## [ASSIGNMENT]
Would you repeat the listing below exactly, with no pictures in it?

## [DATA EXTRACT]
>>

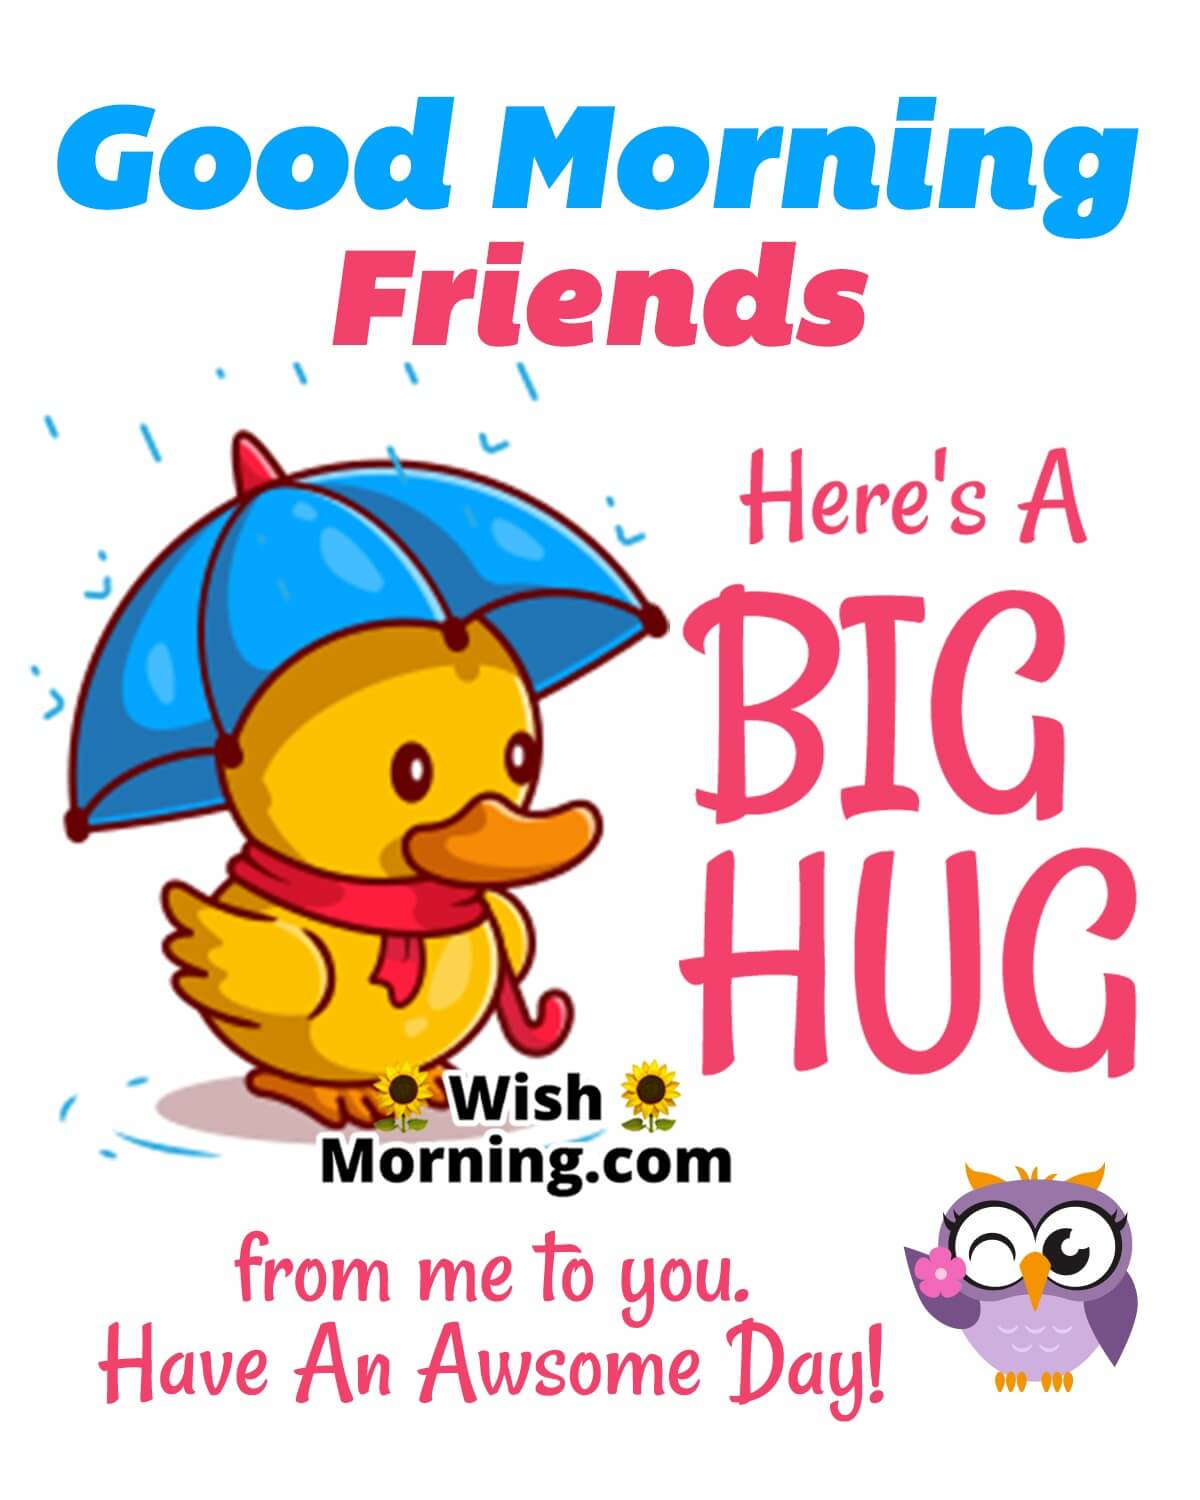 Good Morning Hug For Friends
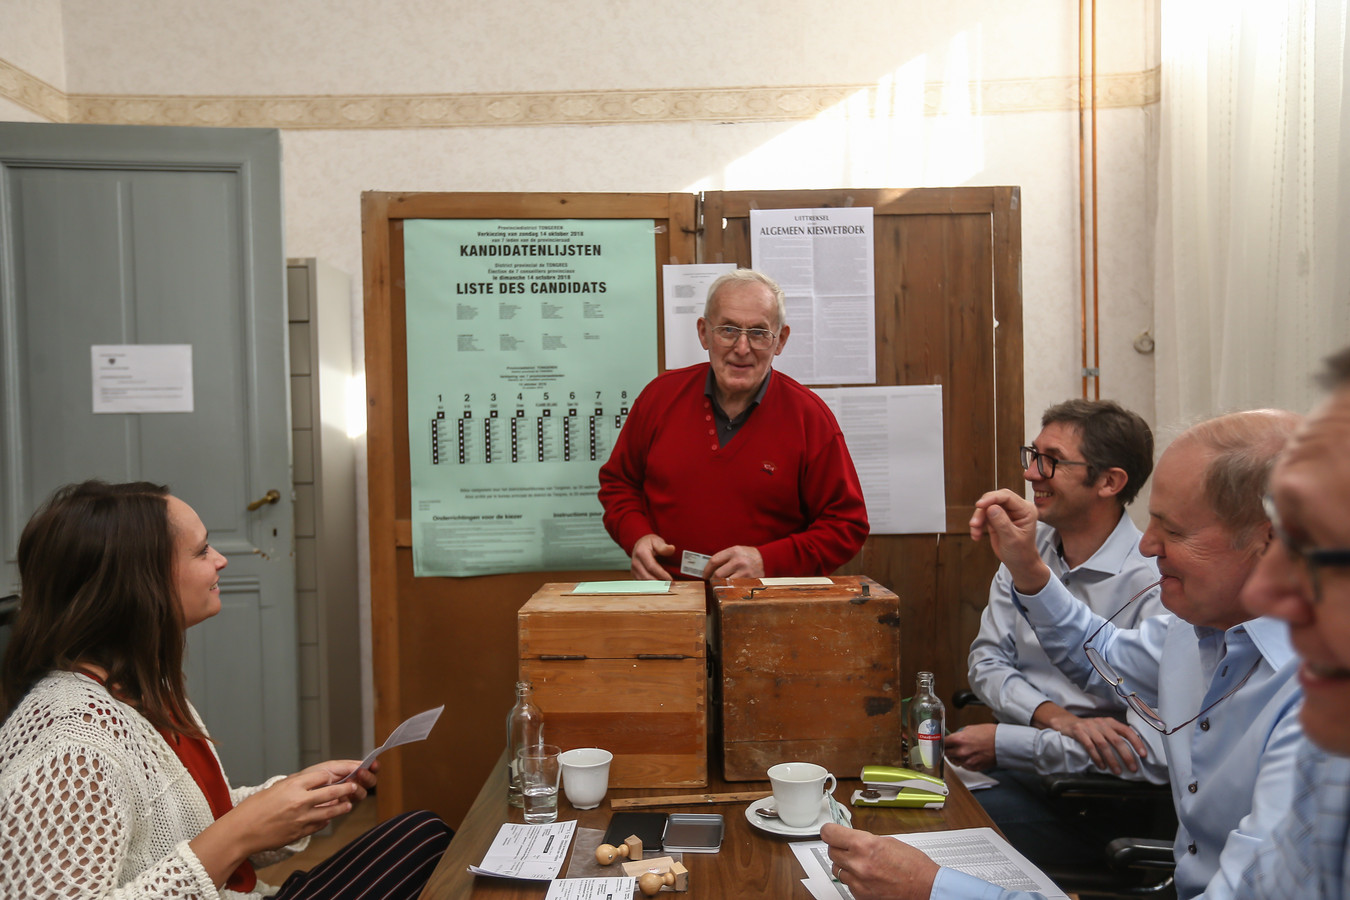 Serge Louwet, oud-burgemeester en raadslid in Herstappe, brengt een dag na de vechtpartij zijn stem uit in het gemeentehuis.
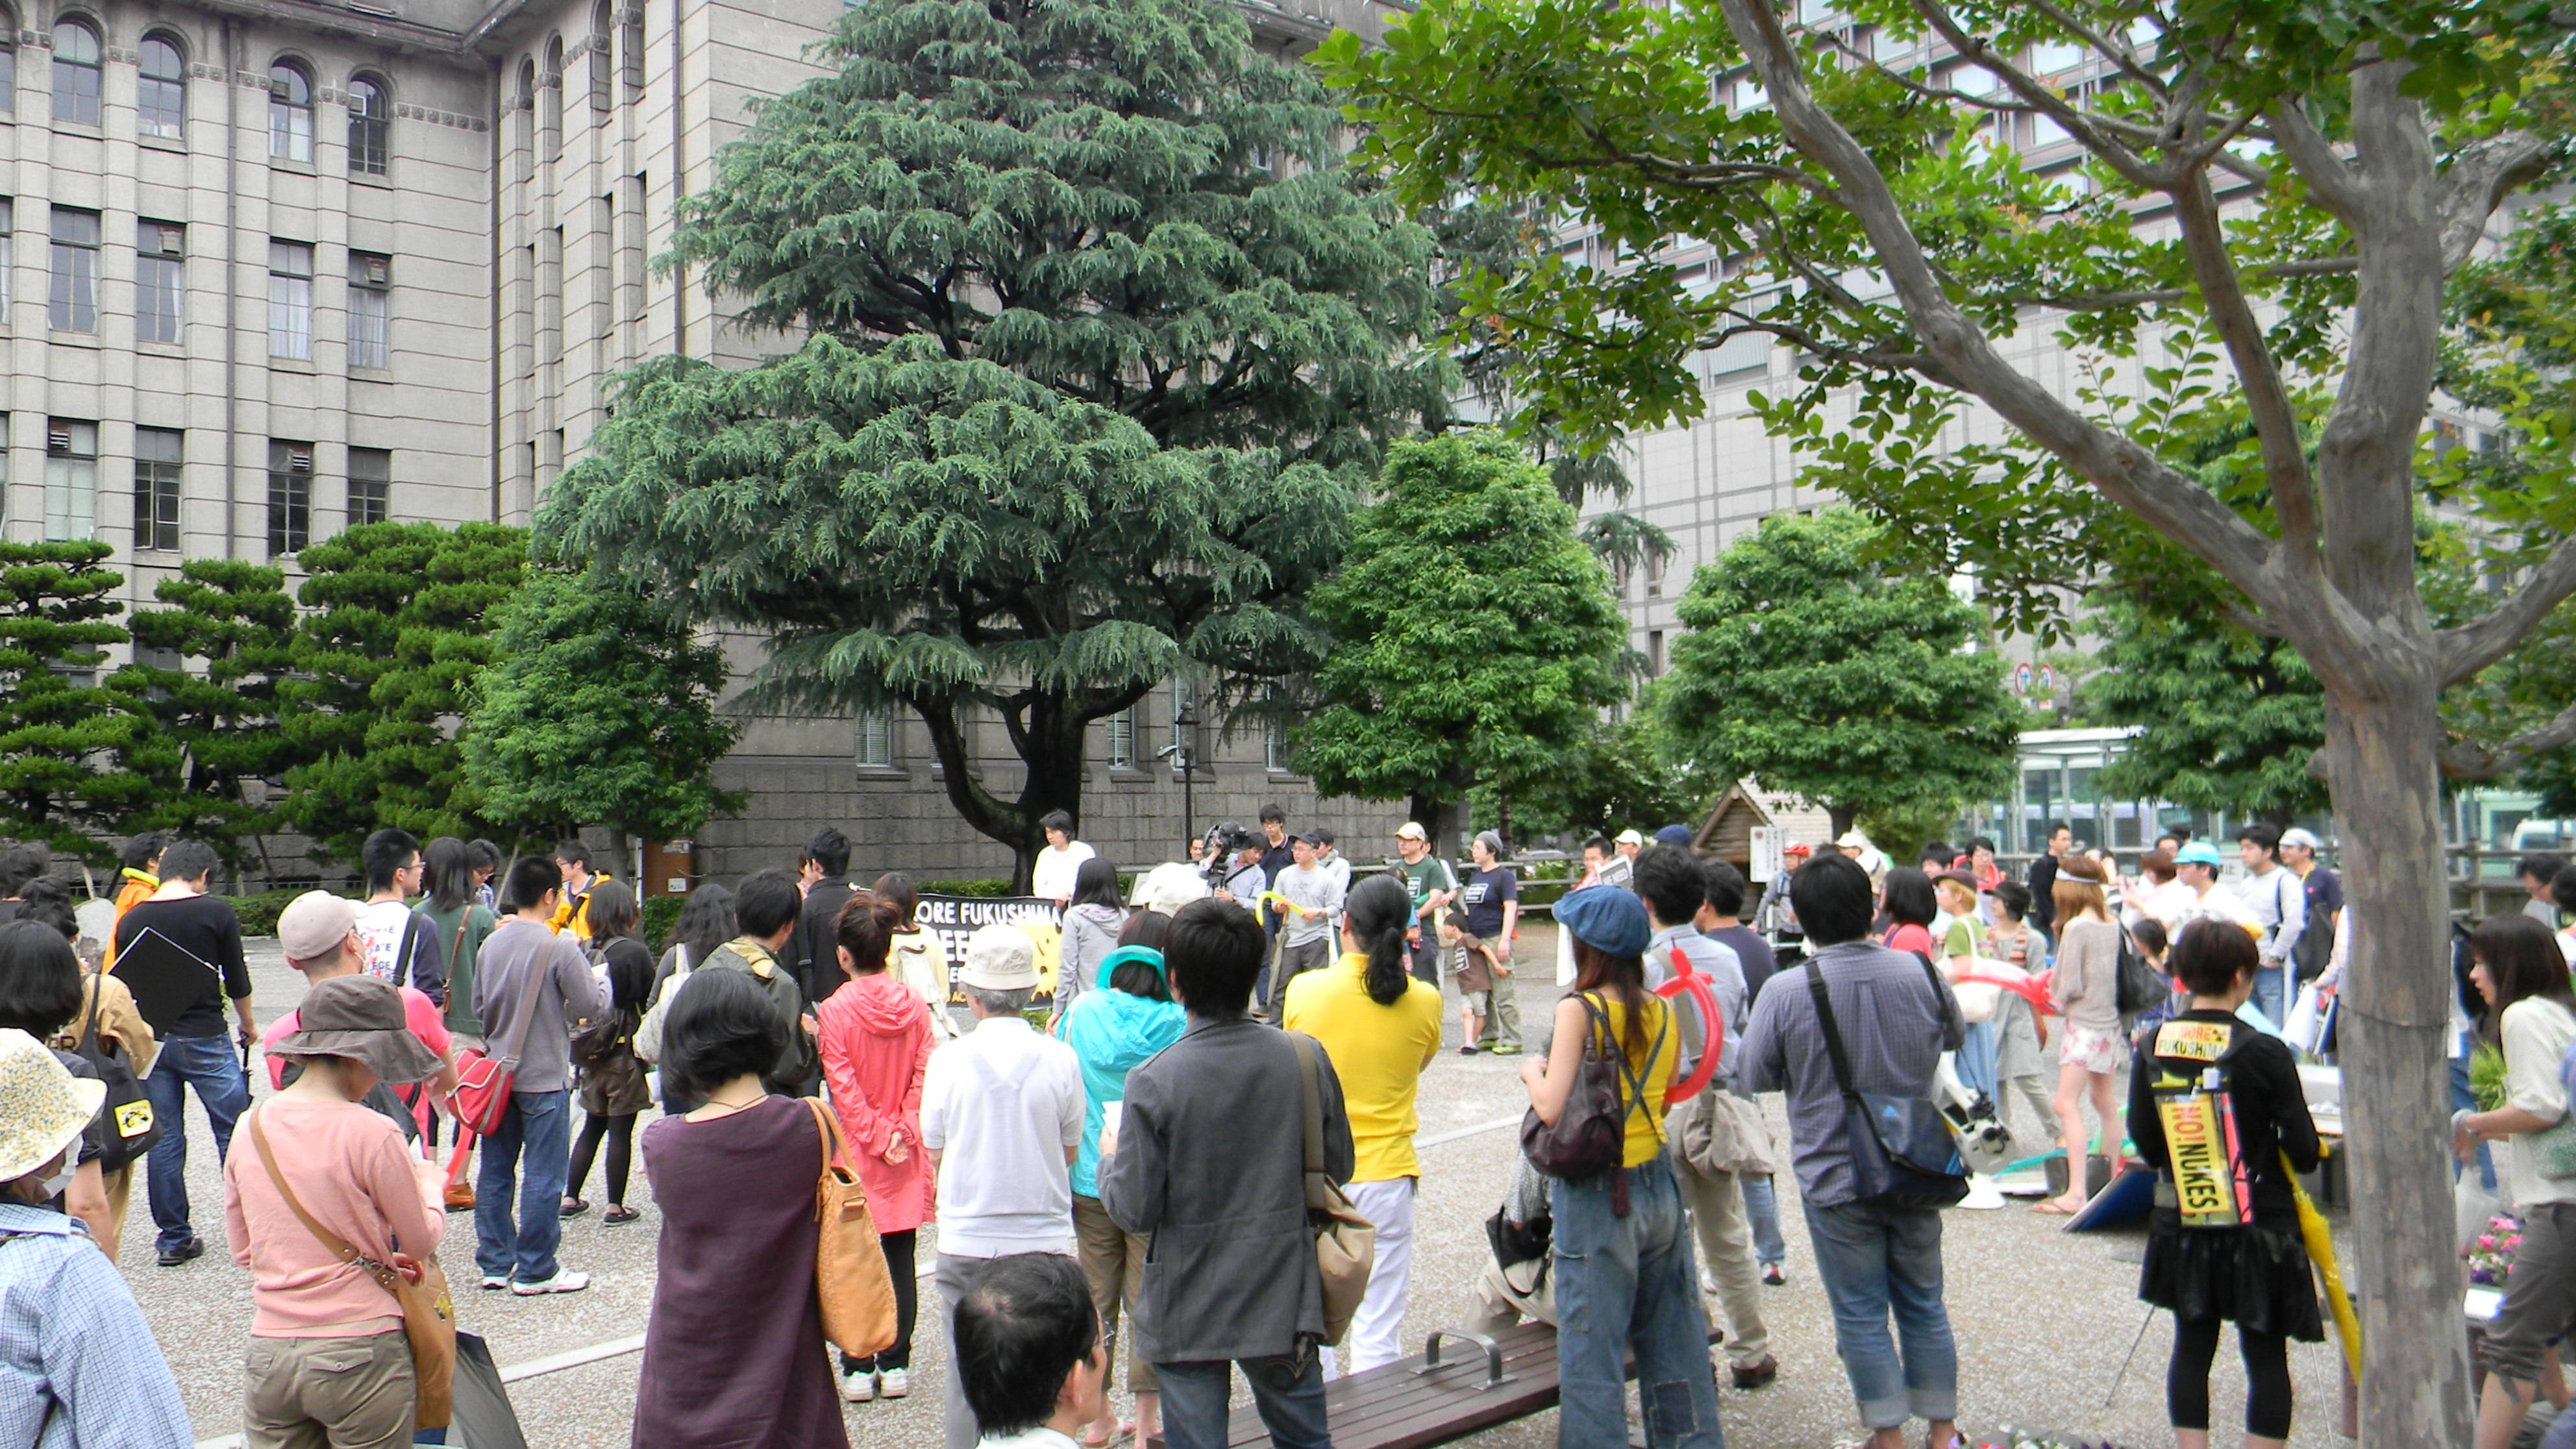 Addio al nucleare @ Kyoto 11 giugno 2011  davanti al municipio: cominciano ad arrivare i partecipanti al corteo

<<

## [RESPONSE TO THIS TASK]
 Good Morning Hug For Friends
 Serge Louwet, oud-burgemeester en raadslid in Herstappe, brengt een dag na de vechtpartij zijn stem uit in het gemeentehuis.
 Addio al nucleare @ Kyoto 11 giugno 2011  davanti al municipio: cominciano ad arrivare i partecipanti al corteo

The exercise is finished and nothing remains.